Detail from a seventeenth-century tavern scene.

Research Questions

  • We are also asking whether developments in the theory and practices of sociability help explain the increased traffic and consumption of intoxicants.

  • This insight is one of the results of the Phil’s ESRC Research Fellowship, which identified the early modern era as the moment when the language of ‘society’ was introduced and assimilated into the English vernacular. A synonym for ‘company’ and ‘fellowship’, ‘society’ meant purposeful and voluntary association. These ranged from corporate associations (such as the great trading companies) to institutions (like clubs and churches) to interactions: moments of co-presence, possibly though not necessarily on a recurring basis, which follow written or tacit conventions and rituals (such as alehouse company, dinner-table society, and so on).

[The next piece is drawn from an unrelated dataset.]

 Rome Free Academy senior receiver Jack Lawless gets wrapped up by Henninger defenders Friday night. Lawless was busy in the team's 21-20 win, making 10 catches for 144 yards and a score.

  • Between 1580 and 1740 these types of ‘society’ proliferated in England and the project explores the relationship between these social and economic developments and the culture of intoxication.

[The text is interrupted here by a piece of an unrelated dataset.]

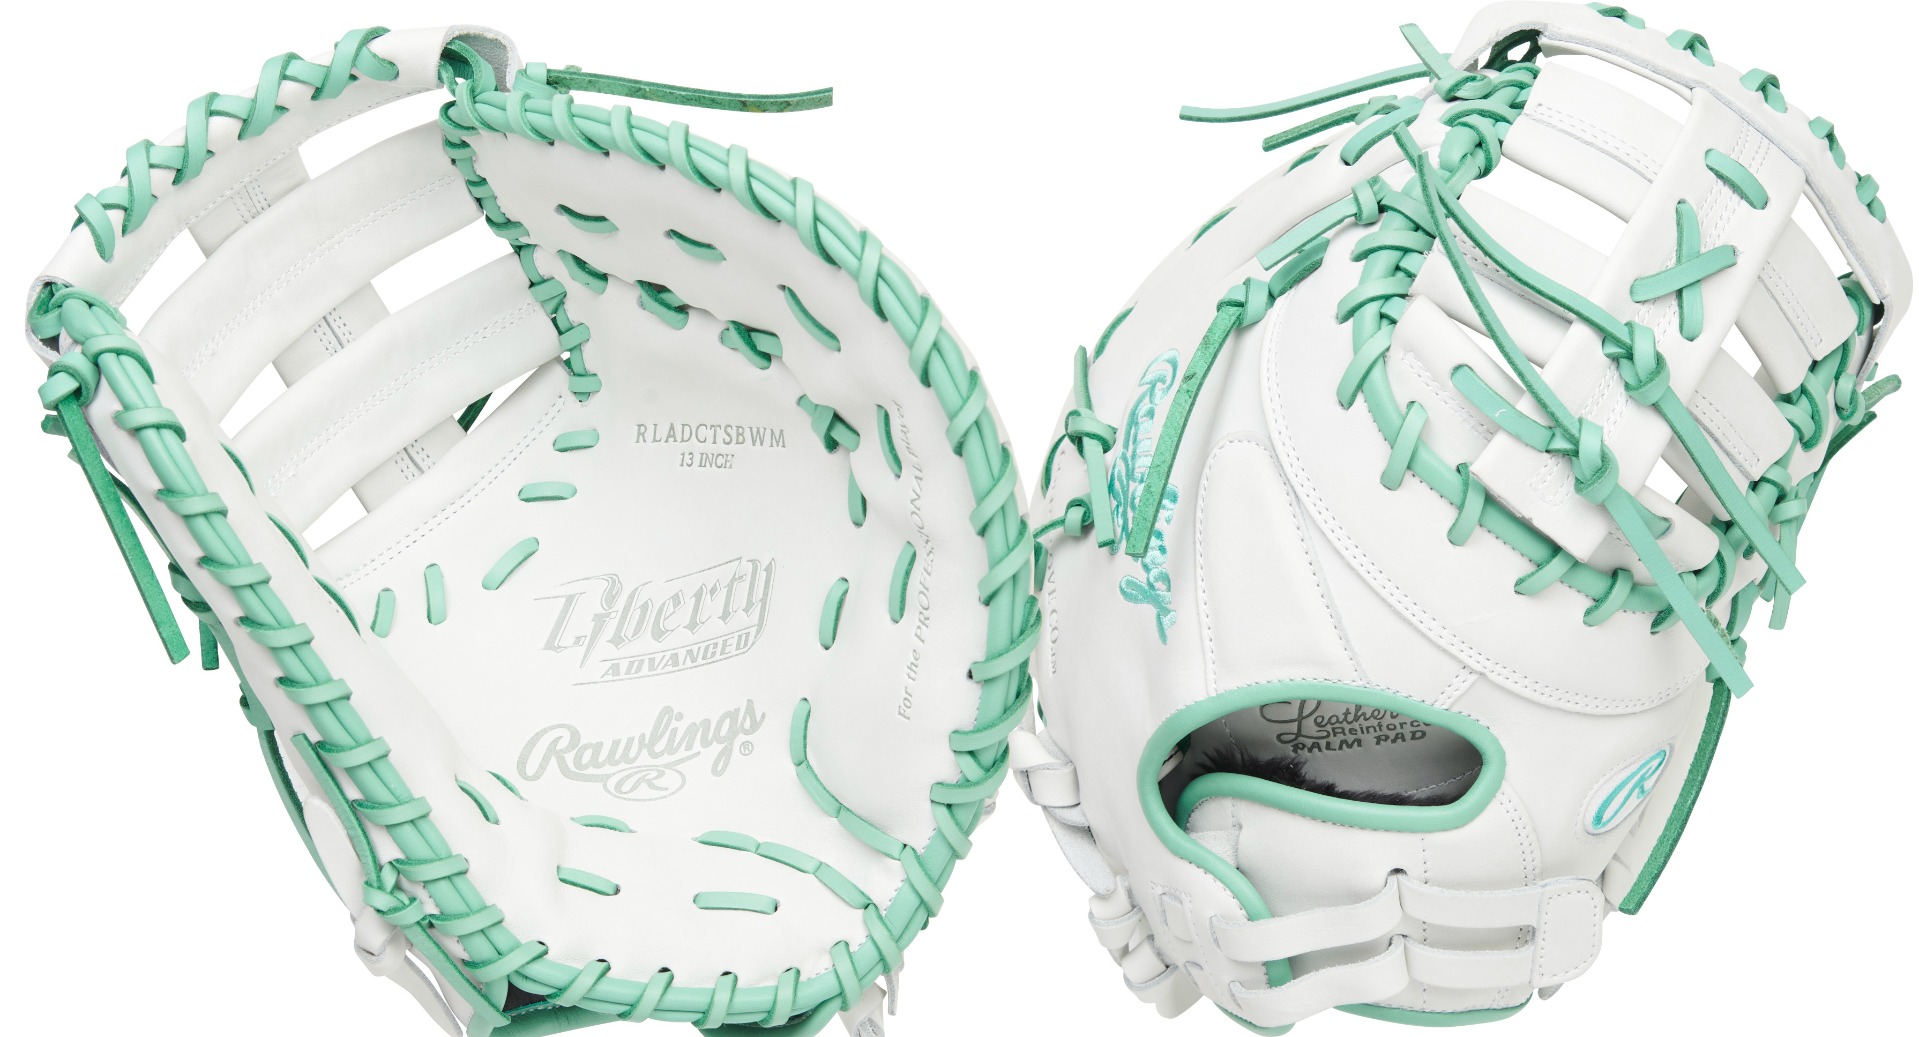 13 Rawlings Liberty Advanced 2022 Color Series RLADCTSBWM Fastpitch 1st Base Mitt

Find out more about this theme and our methodology in our church court depositions blog post

Sources

Depositional material from the ecclesiastical and secular courts can be used to recover remarkable amounts of qualitative detail about everyday instances of ‘society’, ‘company’, and ‘fellowship’ between 1580 and 1740. Witness statements taken from marital disputes, contested wills, cases of defamation, thefts, and assaults will accordingly be transcribed in order to analyse the role of intoxicants in everyday social interactions. Depositional material can be used to glean data on: the institutional and physical location of ‘company’; the identity of retailers and suppliers; the sociology of the participants involved; the language with which ordinary people described and conceived of their sociability, drinking and intoxicated states between 1580 and 1740; and the conventions, rituals, and codes of consumption. These sources allow unparalleled insight into the practices of ordinary men and women, providing the basis for an historical ethnography of sociability and drinking.